Sorry I’ve took a few months off, I have this thing called a life. So how are you? Good. Good. Hmm. Right.

So yeah, it was my birthday at the beginning of this month. A few days before we went down to Whitby (me and my family) and came back the night before my 20th – stopping off at an aunty’s birthday dinner at a posh restaurant.

Whether it was the four hour drive, or the beef (it was so pink I asked for a defibrillator) I don’t know, but I … er, saw it again in the carpark on the way out. Proper projectile stuff. In true me fashion I just sat in my vest on the drive home, saying ‘the sticky toffee pudding was rock hard … no, Mum obviously I never ate it, they’re meant to be soft.’

Then I was sick again once home. Proper everything. Just everything. Exorcist looked like CBeebies. I craved water but couldn't drink it. It was a hang over without the alcohol. Four times from four in the evening ‘til eight on the morning of my birthday.

I opened a card my mum and dad had done from my teddy bear and his sister and cried like a woman who’s found out she was pregnant (I hadn’t slept all night and had just thrown up boiled water.) I went to bed then (at 9AM) got up at 4PM, watched Shrek, cried at that, and went to bed.

I couldn’t even eat the Dracula cake that the chefs at Whitby had procured:

 

A cake with a toy figure on it

AI-generated content may be incorrect.

I’m pretty sure that it was Chris Eccleston’s doctor with jam round his mouth and a bit of cloth tied round his neck. But on short notice, bravo I say.

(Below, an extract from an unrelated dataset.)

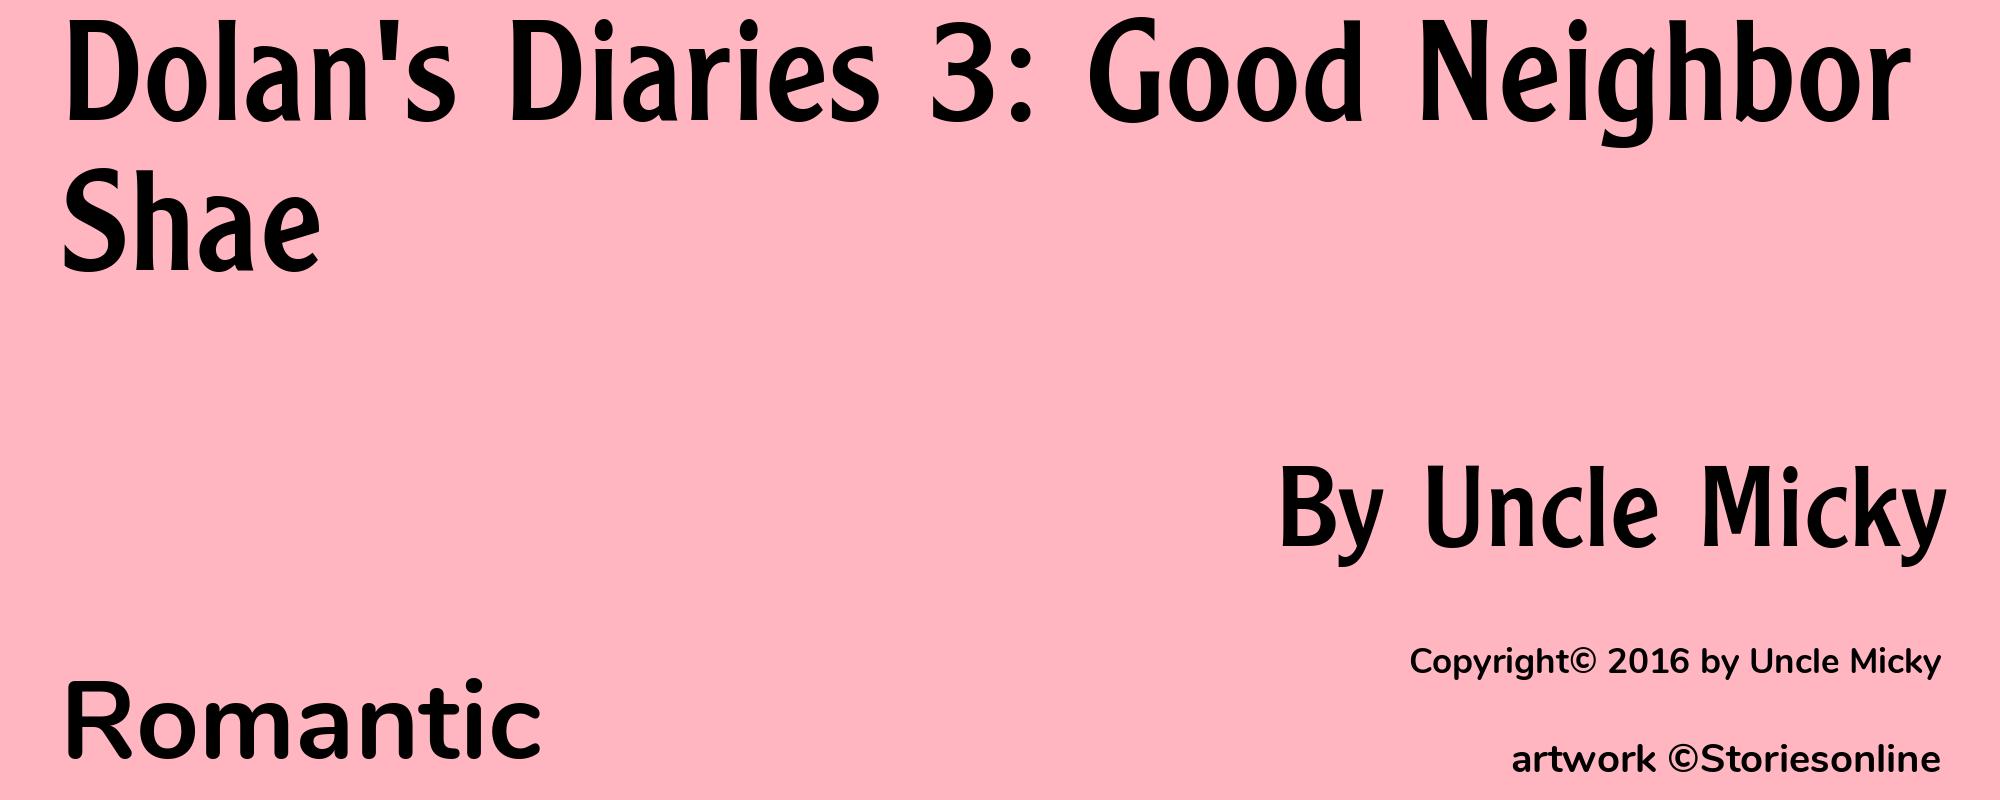 Dolan's Diaries 3: Good Neighbor Shae - Cover

Anyway we’ll end on a poem. I would end on a rock song like Freaky Friday (I adored the sequel and the 2003 one is in my top 3 of movies ever) but I don’t look or sound like Lindsay Lohan – and nowhere near as cool as Jamie Lee Curtis.

Mister Common Cold

 

 

 

Mr Common Cold arrived without warning, on a cold and blustery Saturday morning.

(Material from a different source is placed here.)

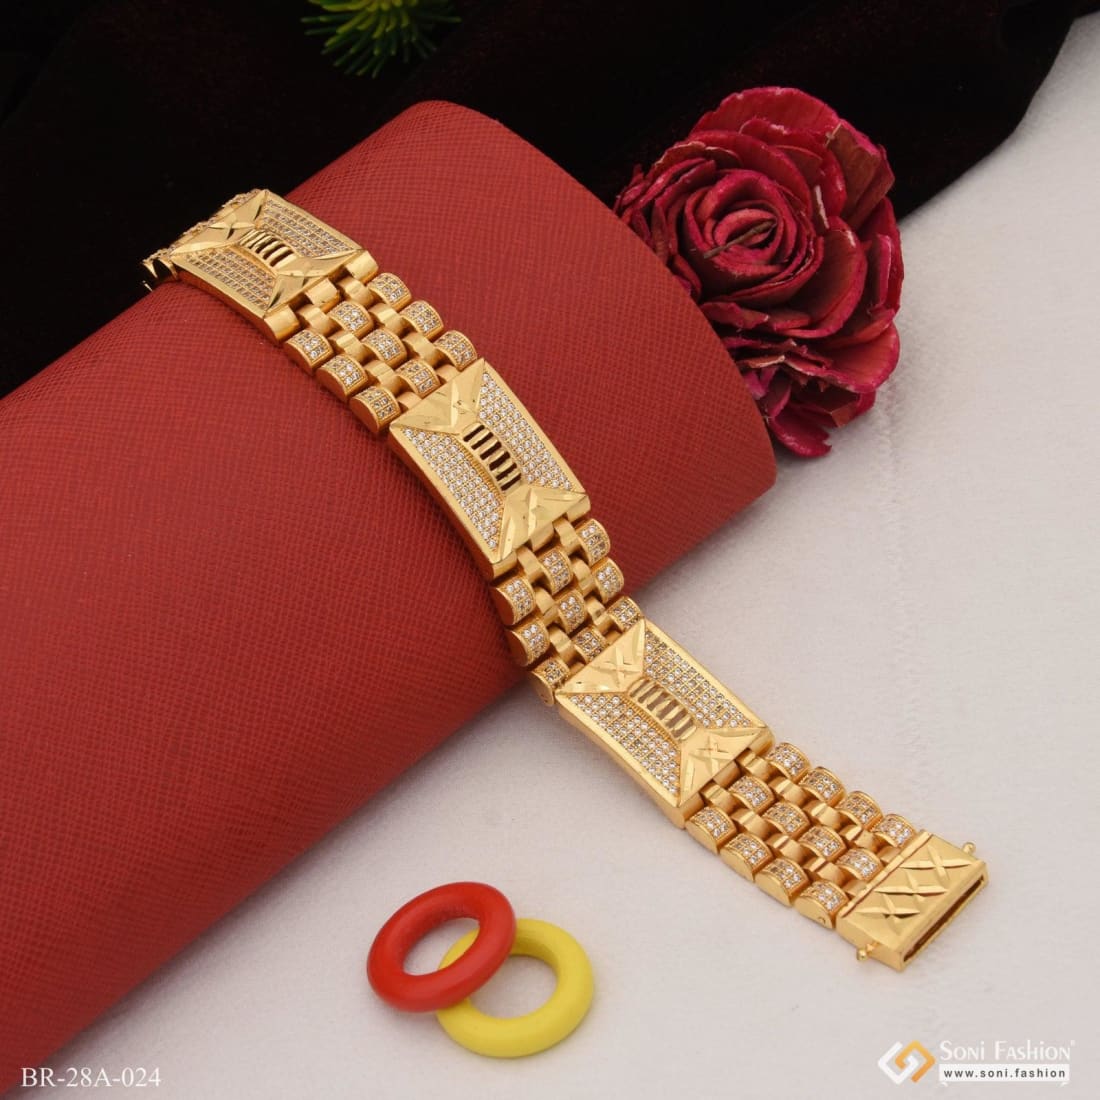 Gold bracelets with weight, Men's bracelet designs - YouTube

He was as tall as the door, and dressed in white, his yellow eyes gleaming like lanterns on a cold night.

He waited patiently, I didn’t hear a peep, until I was well into the land of sleep.

Whilst I was sleeping, he made my throat scratch, by climbing down my throat like a serving hatch.

Mr Common Cold was here to stay: ‘Oh – rejoice!’ he says, ‘what a happy day!’

He sits comfortably, Mr Common Cold, sitting cross-legged like scholars of old.

I picture him, blue-skin, big grin, getting ready to make a horrible din.

He blocks up my nose with the smoke from his pipe, making me grovel, making me gripe.

I solider on, drinking hot tea – yet I feel so miserable, as miserable as can be.

Mr Common Cold was settling in – ‘oh –’ he said, ‘what a wonderful din!’

Mr Common Cold sat on his chair, laughing at me wailing in despair.

As soon as I drink, my nose starts running like a melted ice rink.

I wonder around with a dopey face, the exact opposite of style and grace.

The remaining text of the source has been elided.